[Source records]

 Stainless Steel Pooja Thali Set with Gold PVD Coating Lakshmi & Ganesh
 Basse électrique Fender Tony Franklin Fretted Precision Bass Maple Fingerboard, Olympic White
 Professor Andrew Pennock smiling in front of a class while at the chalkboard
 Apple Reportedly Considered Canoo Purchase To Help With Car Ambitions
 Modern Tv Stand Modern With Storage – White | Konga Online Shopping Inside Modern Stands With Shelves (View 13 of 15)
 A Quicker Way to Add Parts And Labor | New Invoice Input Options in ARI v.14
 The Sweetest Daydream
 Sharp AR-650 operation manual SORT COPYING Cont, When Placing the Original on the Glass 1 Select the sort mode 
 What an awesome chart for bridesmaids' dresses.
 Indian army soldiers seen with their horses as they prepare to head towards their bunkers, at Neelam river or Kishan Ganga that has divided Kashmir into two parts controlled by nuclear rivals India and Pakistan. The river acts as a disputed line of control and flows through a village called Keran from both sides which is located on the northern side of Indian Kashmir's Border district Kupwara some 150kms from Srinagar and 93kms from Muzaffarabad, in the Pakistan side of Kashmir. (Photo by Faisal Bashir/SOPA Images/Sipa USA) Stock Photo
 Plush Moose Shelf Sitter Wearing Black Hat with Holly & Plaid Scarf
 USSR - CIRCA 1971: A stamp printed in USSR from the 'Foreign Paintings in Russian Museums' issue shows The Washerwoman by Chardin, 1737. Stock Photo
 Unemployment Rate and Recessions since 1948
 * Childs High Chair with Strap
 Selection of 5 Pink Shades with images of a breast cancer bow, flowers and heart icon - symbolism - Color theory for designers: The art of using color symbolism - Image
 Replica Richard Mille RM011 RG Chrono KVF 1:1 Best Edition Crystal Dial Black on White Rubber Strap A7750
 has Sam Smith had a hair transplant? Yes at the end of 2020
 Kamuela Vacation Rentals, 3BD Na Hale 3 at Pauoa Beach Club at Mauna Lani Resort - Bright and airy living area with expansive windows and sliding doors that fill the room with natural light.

WHAT YOU ARE ASKED TO DO:
With nothing added or dropped, reproduce all the data exactly.

OUTPUT FOR THIS TASK:
 Stainless Steel Pooja Thali Set with Gold PVD Coating Lakshmi & Ganesh
 Basse électrique Fender Tony Franklin Fretted Precision Bass Maple Fingerboard, Olympic White
 Professor Andrew Pennock smiling in front of a class while at the chalkboard
 Apple Reportedly Considered Canoo Purchase To Help With Car Ambitions
 Modern Tv Stand Modern With Storage – White | Konga Online Shopping Inside Modern Stands With Shelves (View 13 of 15)
 A Quicker Way to Add Parts And Labor | New Invoice Input Options in ARI v.14
 The Sweetest Daydream
 Sharp AR-650 operation manual SORT COPYING Cont, When Placing the Original on the Glass 1 Select the sort mode 
 What an awesome chart for bridesmaids' dresses.
 Indian army soldiers seen with their horses as they prepare to head towards their bunkers, at Neelam river or Kishan Ganga that has divided Kashmir into two parts controlled by nuclear rivals India and Pakistan. The river acts as a disputed line of control and flows through a village called Keran from both sides which is located on the northern side of Indian Kashmir's Border district Kupwara some 150kms from Srinagar and 93kms from Muzaffarabad, in the Pakistan side of Kashmir. (Photo by Faisal Bashir/SOPA Images/Sipa USA) Stock Photo
 Plush Moose Shelf Sitter Wearing Black Hat with Holly & Plaid Scarf
 USSR - CIRCA 1971: A stamp printed in USSR from the 'Foreign Paintings in Russian Museums' issue shows The Washerwoman by Chardin, 1737. Stock Photo
 Unemployment Rate and Recessions since 1948
 * Childs High Chair with Strap
 Selection of 5 Pink Shades with images of a breast cancer bow, flowers and heart icon - symbolism - Color theory for designers: The art of using color symbolism - Image
 Replica Richard Mille RM011 RG Chrono KVF 1:1 Best Edition Crystal Dial Black on White Rubber Strap A7750
 has Sam Smith had a hair transplant? Yes at the end of 2020
 Kamuela Vacation Rentals, 3BD Na Hale 3 at Pauoa Beach Club at Mauna Lani Resort - Bright and airy living area with expansive windows and sliding doors that fill the room with natural light.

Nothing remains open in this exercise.